1. Study Identification

Unique Protocol Identification Number

NCT00523341

Brief Title

Extension Study to Evaluate the Long Term Safety and Efficacy of Denosumab in the Treatment of Osteoporosis

Official Title

An Open Label, Single Arm, Extension Study to Evaluate the Long Term Safety and Sustained Efficacy of Denosumab (AMG162) in the Treatment of Postmenopausal Osteoporosis

Study Type

Interventional

2. Study Status

Record Verification Date

November 2022

Overall Recruitment Status

Completed

Study Start Date

August 7, 2007 (Actual)

Primary Completion Date

July 19, 2015 (Actual)

Study Completion Date

July 19, 2015 (Actual)

3. Sponsor/Collaborators

Responsible Party, by Official Title

Sponsor

Name of the Sponsor

Amgen

4. Oversight

Data Monitoring Committee

5. Study Description

Brief Summary

The primary objective was to describe the safety and tolerability of up to 10 years or 7 years denosumab administration as measured by adverse event monitoring, immunogenicity and safety laboratory parameters in participants who previously received denosumab or placebo, respectively.

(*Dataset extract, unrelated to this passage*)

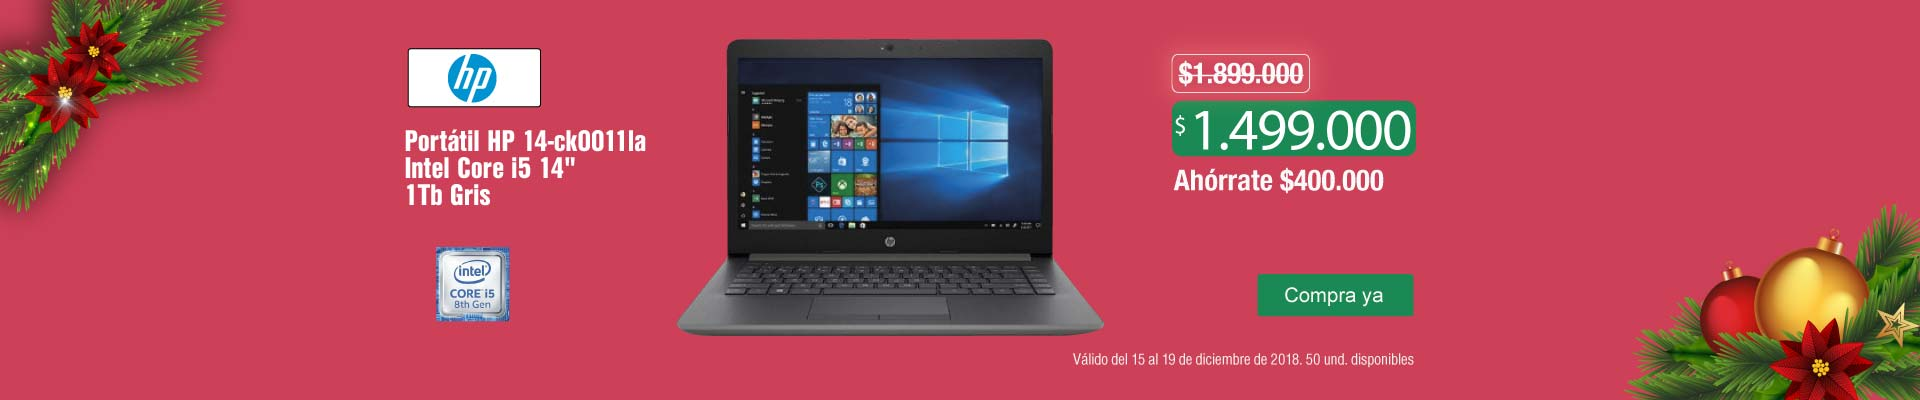 AK-CYBERSANTA-PPAL-4-computadores y tablets-PP---HP-Portátil 14-ck0011la-dic17

6. Conditions and Keywords

Primary Disease or Condition Being Studied in the Trial, or the Focus of the Study

Osteopenia, Osteoporosis

Keywords

postmenopausal osteoporosis, low bone density, fractures, low bone mass

7. Study Design

Primary Purpose

Treatment

Study Phase

Phase 3

Interventional Study Model

Single Group Assignment

Masking

None (Open Label)

Allocation

N/A

Enrollment

4550 (Actual)

8. Arms, Groups, and Interventions

Arm Title

Denosumab

Arm Type

Experimental

Arm Description

Participants received a 60 mg subcutaneous injection of denosumab every 6 months for seven years.

Intervention Type

Biological

Intervention Name(s)

Denosumab

Other Intervention Name(s)

AMG 162, Prolia

Intervention Description

Administered by subcutaneous injection once every 6 months.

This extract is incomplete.